WITH semantic_search AS (
SELECT id, rank() OVER (ORDER BY embedding <=> :query_vector) as rank
FROM documents
ORDER BY embedding <=> :query_vector
LIMIT 20
),
keyword_search AS (
SELECT id, rank() OVER (ORDER BY ts_rank_cd(to_tsvector('english', content), query) DESC) as rank
FROM documents, plainto_tsquery('english', :query_text) query
WHERE to_tsvector('english', content) @@ query
LIMIT 20
)
SELECT
COALESCE(s.id, k.id) as id,
(1.0 / (60 + COALESCE(s.rank, 100))) + (1.0 / (60 + COALESCE(k.rank, 100))) as score
FROM semantic_search s
FULL OUTER JOIN keyword_search k ON s.id = k.id
ORDER BY score DESC;⚠ Common Pitfalls
- •Over-relying on vector search for exact matches like product SKUs or serial numbers.
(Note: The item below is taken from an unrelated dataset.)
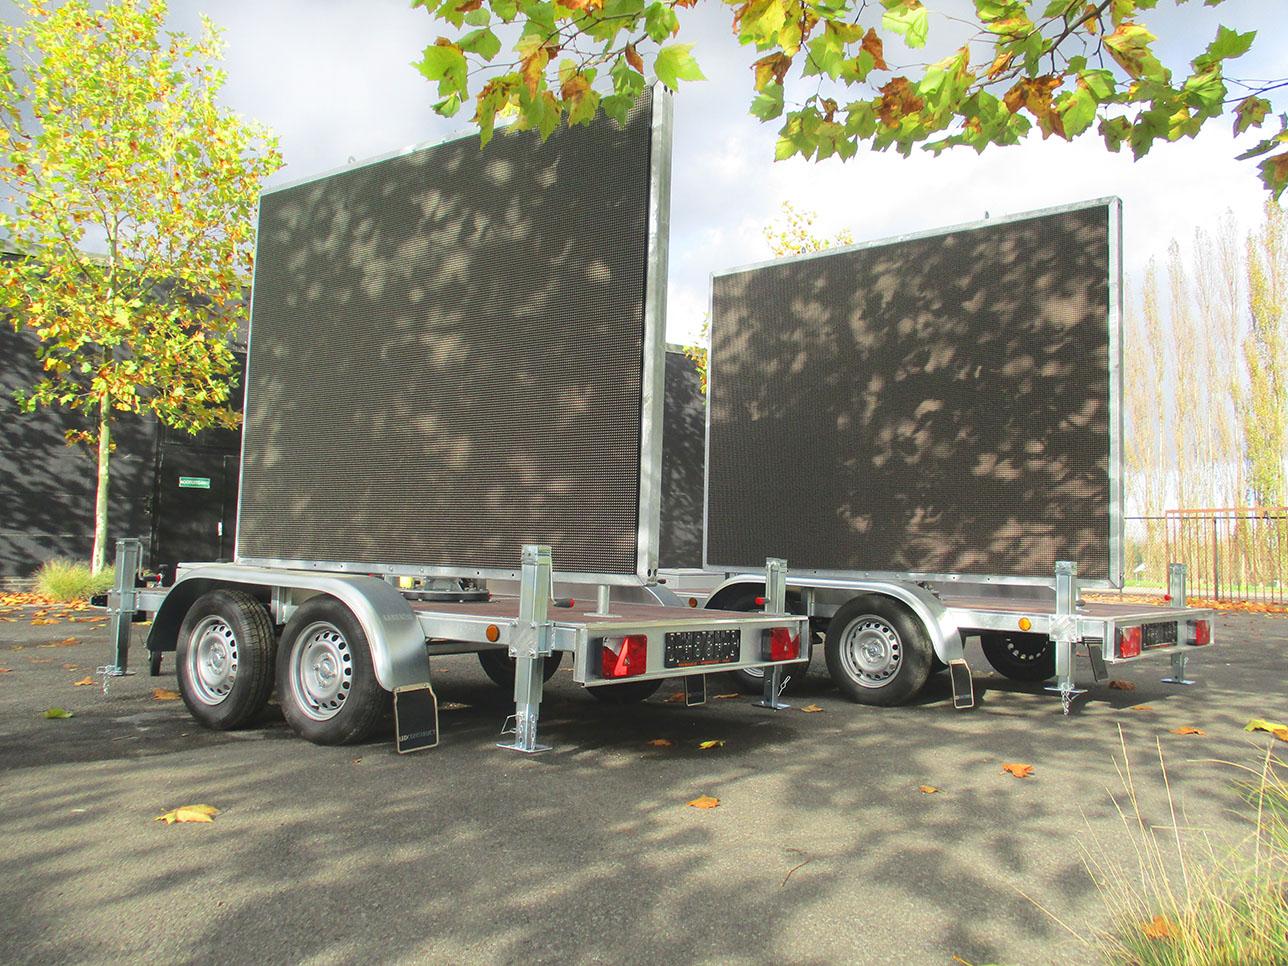 Twee 5m² ledschermen op aanhangwagen met pixel pitch p10 van Maxled
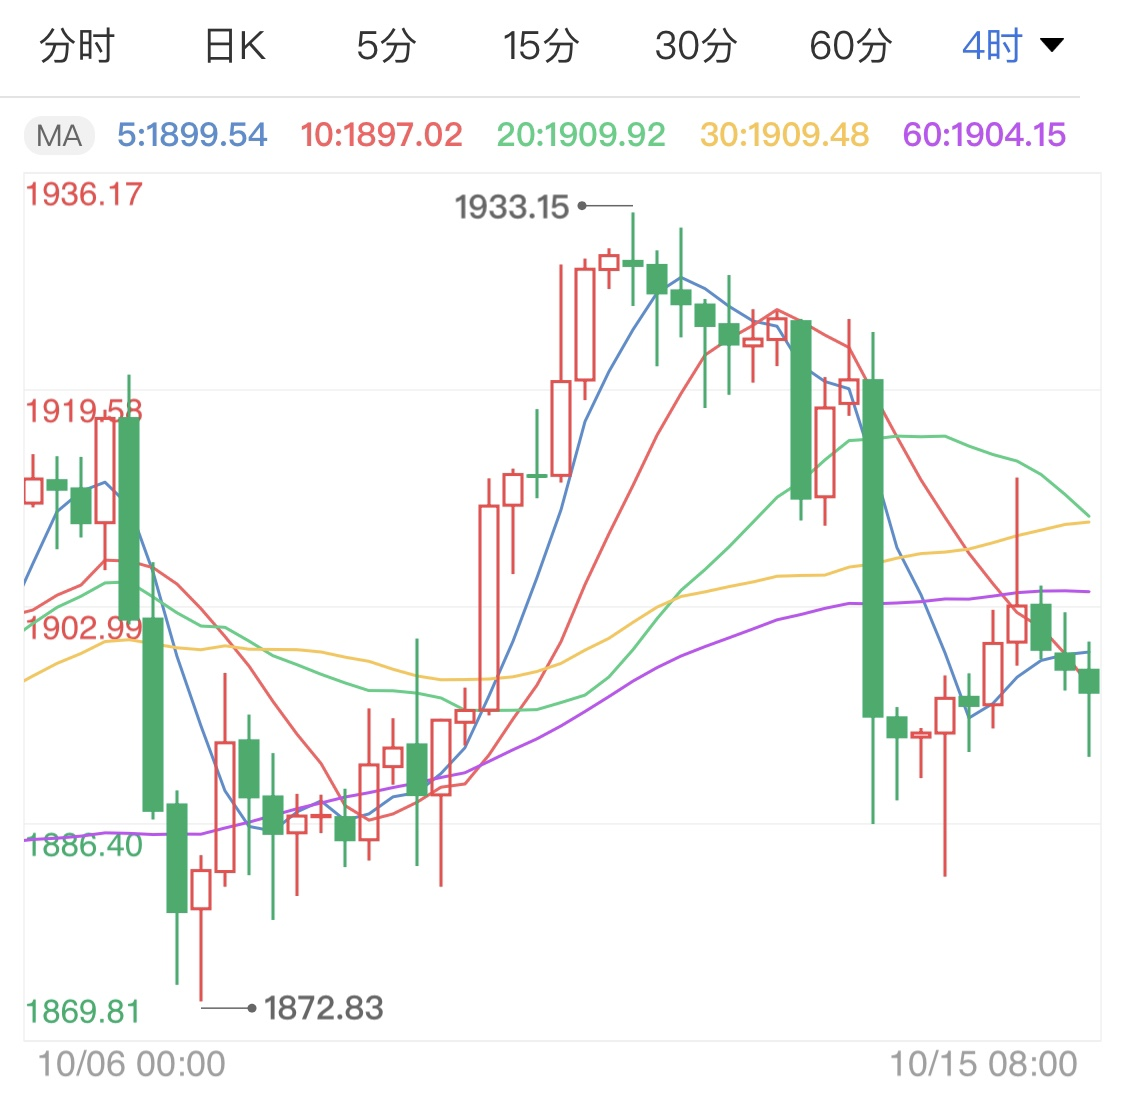 现货黄金前景向好 金价短线震荡待势

- •Ignoring the '60' constant in RRF, which balances the influence of top results.
Setup Data Sync and Re-indexing Triggers
Ensure the vector store stays in sync with the primary data source. Use database triggers or an application-level middleware to queue an embedding update whenever the 'content' column of your source table is modified.
⚠ Common Pitfalls
- •Updating embeddings on every small metadata change, wasting API credits.
- •Out-of-sync indices leading to 'hallucinated' search results where the vector matches but the text has changed.
What you built
Successful embedding implementation requires balancing model precision with retrieval latency. By using a hybrid search approach and HNSW indexing in pgvector, you can achieve sub-100ms response times while maintaining high relevance across both semantic and keyword-based queries.